The whole phe­nom­e­non of health” drinks is part of a new trend that the Amer­i­cans are call­ing Nutraceu­ti­cals or Food Plus, where drugs com­pa­nies and food com­pa­nies get togeth­er to offer food and drink as med­i­cine”. No longer are the things you eat and drink sim­ply fuel for your bio­chem­istry. Now they actu­al­ly have med­i­c­i­nal effects, via nutri­ents, salt bal­ance, essen­tial min­er­als and, of course, vit­a­mins. And that’s just what Sun­ny Delight shouts from the label. Vitamins.

Sun­ny Delight is the first mass-mar­ket Nutraceu­ti­cal to hit these shores, although it will no doubt be joined by a host of imi­ta­tors. Why not? There’s so much mon­ey to be made.
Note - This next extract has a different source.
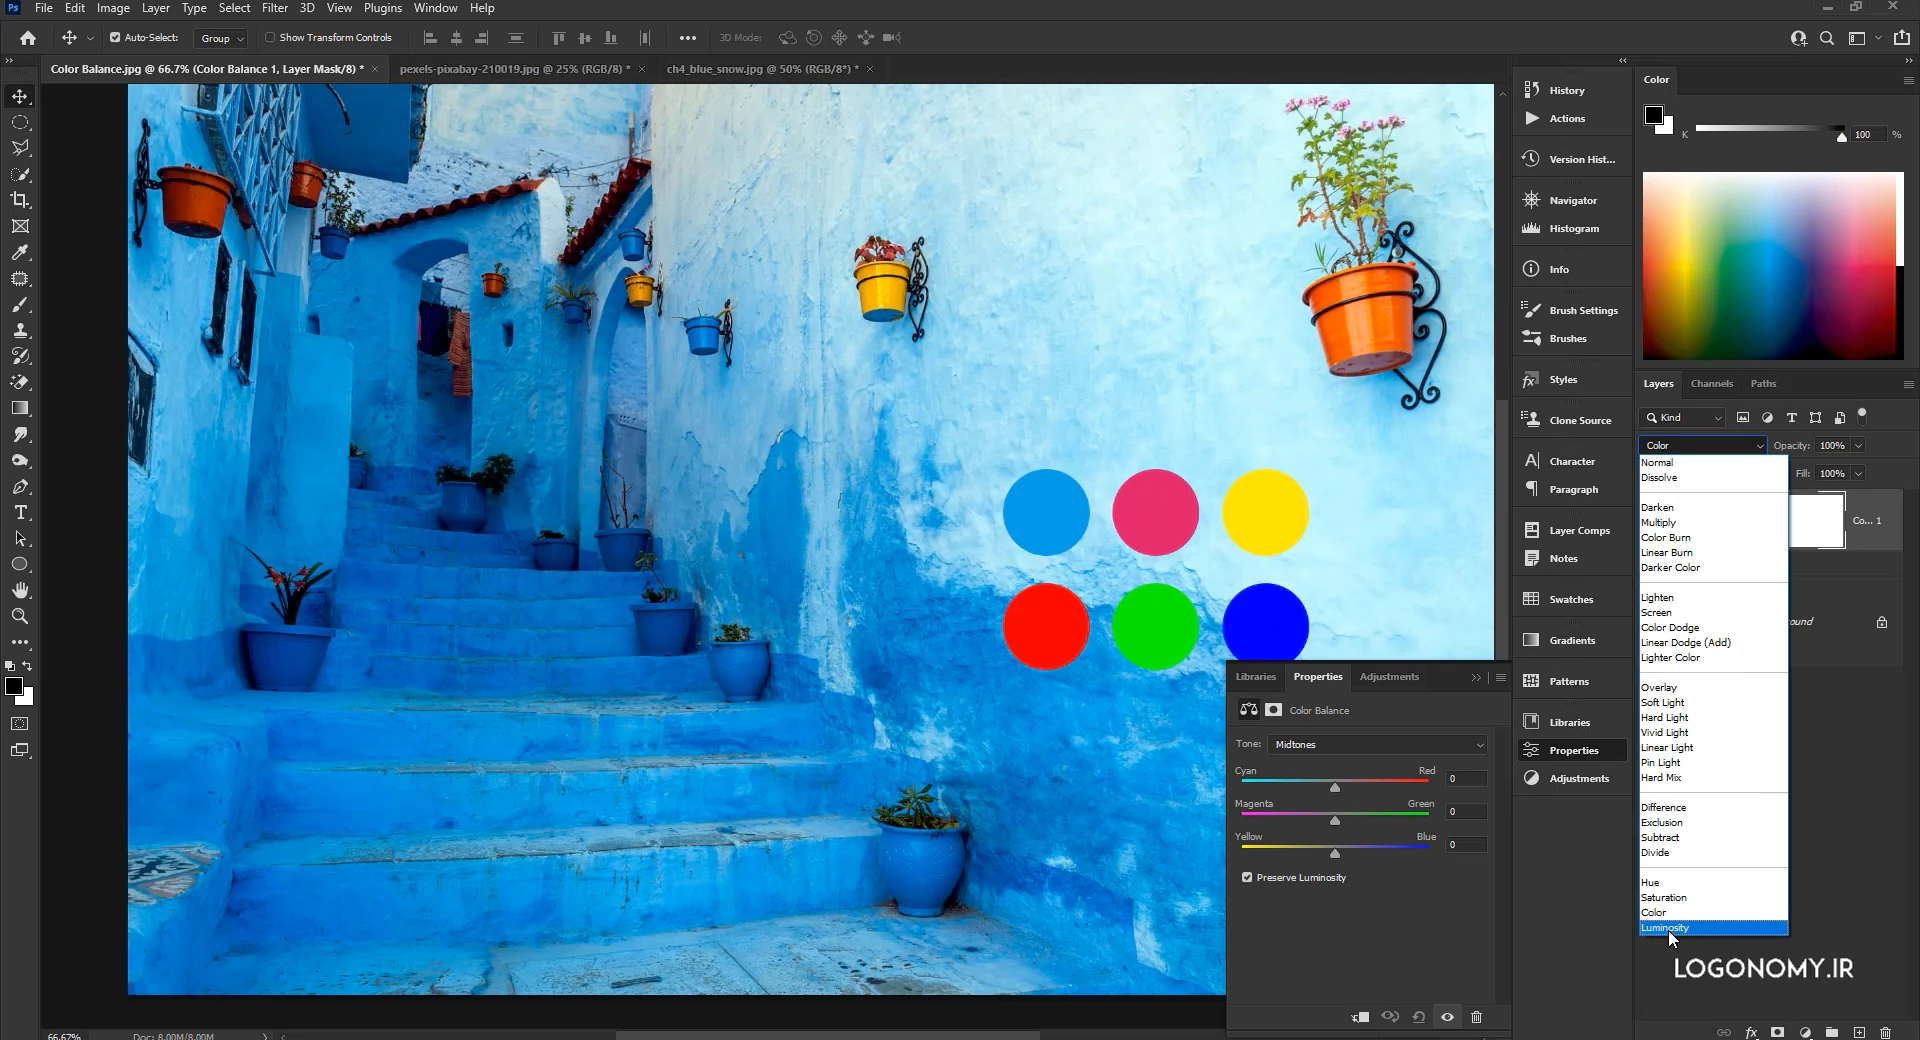 اصلاح رنگ عکس با فرمان کالر بالانس (Color Balance) در برنامه فتوشاپ

Of course, Sun­ny Delight is a piece of mar­ket­ing and adver­tis­ing genius. Sug­ar, water, a hint of fruit and a tex­ture that is smooth (or soft, or tangy) on the palate. It tells us it’s got vit­a­mins, it looks good and healthy and, well, we’d pre­fer not to know it’s made by the peo­ple who make Ariel Auto­mat­ic. Or that it’s some import­ed Amer­i­can sta­ple (anoth­er one). Or that it’s not much health­i­er than a can of cola. We want to believe. The soft drinks indus­try expects us to keep on buy­ing. Some­times, we pre­fer to be fooled. Just as long as it tastes nice.